Di Censo ha ripercorso la giornata di domenica. «Era una partita sotto osservazione - ha aggiunto - in settimana ci eravamo preoccupati di reperire gli autobus per consentire ai tifosi del Potenza di raggiungere Melfi. Vi sono stati vari prefiltraggi e filtraggi, a Potenza ed a Melfi. Era stato predisposto il servizio d' ordine e le misure erano adeguate».

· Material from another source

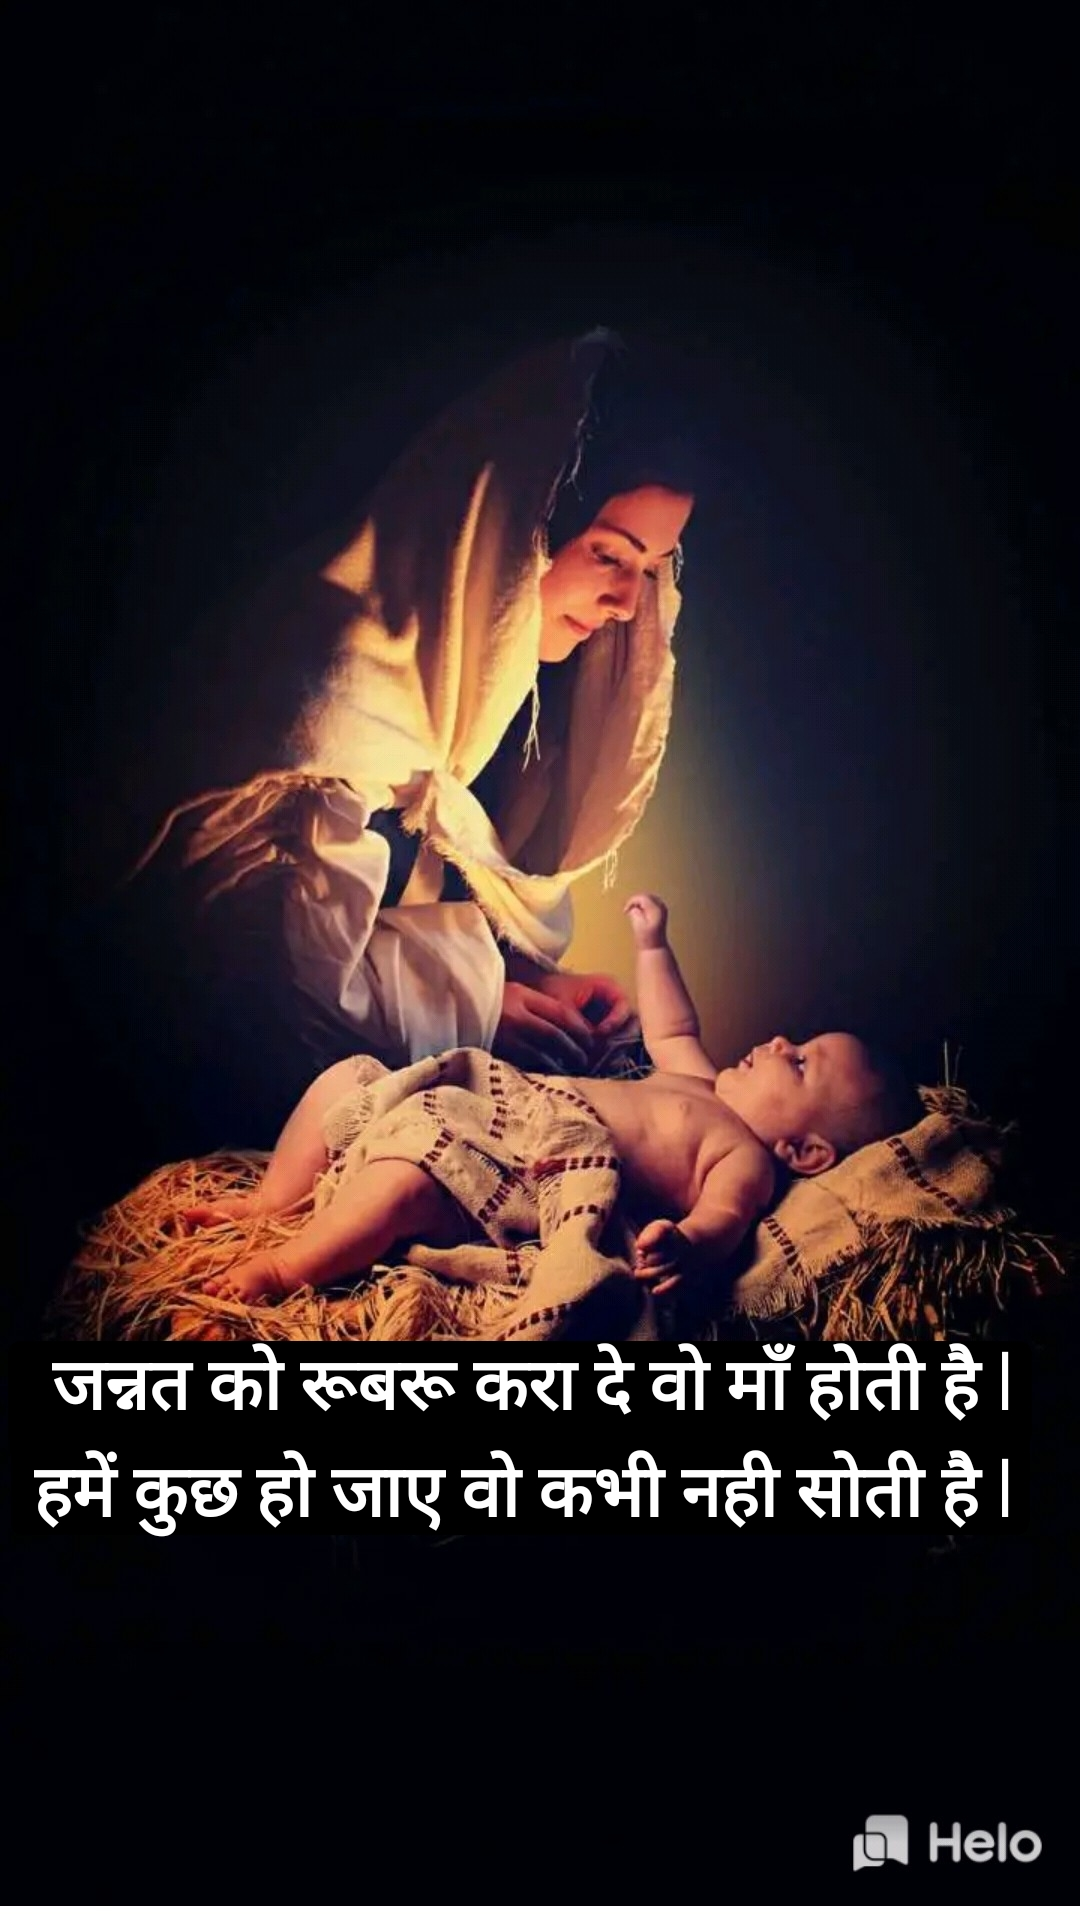 जन्नत को रूबरू करा दे वो माँ होती है l हमें कुछ हो जाए वो कभी नही सोती है l

Il questore ha rivissuto i momenti salienti del secondo tempo dell' incontro fino al ferimento del bambino di nove anni - che ha riportato una contusione cranio-facciale con ferita lacero contusa - colpito intorno alla mezzora di gioco e alla reazione dei tifosi del Potenza che «prima hanno tentato di raggiungere attraverso la tribuna i tifosi del Melfi ma sono stati respinti dal cordone di forze dell'ordine e poi - ha spiegato Di Censo - hanno forzato e scardinato il cancello che dava al campo di gioco, abbattendolo. E' stato in questo frangente che due tifosi del Potenza hanno aggredito il tenente dei carabinieri Varriale, provocandogli con un calcio la frattura dello sterno. Era il 37' e l'arbitro ha deciso di sospendere momentaneamente il gioco».
Di Censo ha sottolineato che a quel punto «il clima era teso e, visto che mancava la possibilità di ripristinare il cancello, è stato deciso di chiedere all'arbitro la sospensione definitiva dell'incontro con l'applicazione delle nuove norme».
«Tutto quello che è successo - ha proseguito il questore - è riprovevole e mi auguro che sia di monito perché episodi del genere non si ripetano. Oltre agli arresti, vi saranno altri provvedimenti. Il nostro lavoro continua. I responsabili di questi atti vanno individuati e puniti. Abbiamo materiale per risalire all' identità di altre persone che verranno denunciate e nei confronti delle quali, nei prossimi giorni verranno emessi anche provvedimenti di divieto di accesso alle competizioni sportive».
Di Censo ha poi sottolineato il lavoro eseguito in perfetta sinergia con i carabinieri: sono in corso controlli in diverse aziende del Potentino per accertare la provenienza dei tondini di ferro trovati allo stadio «Valerio» di Melfi.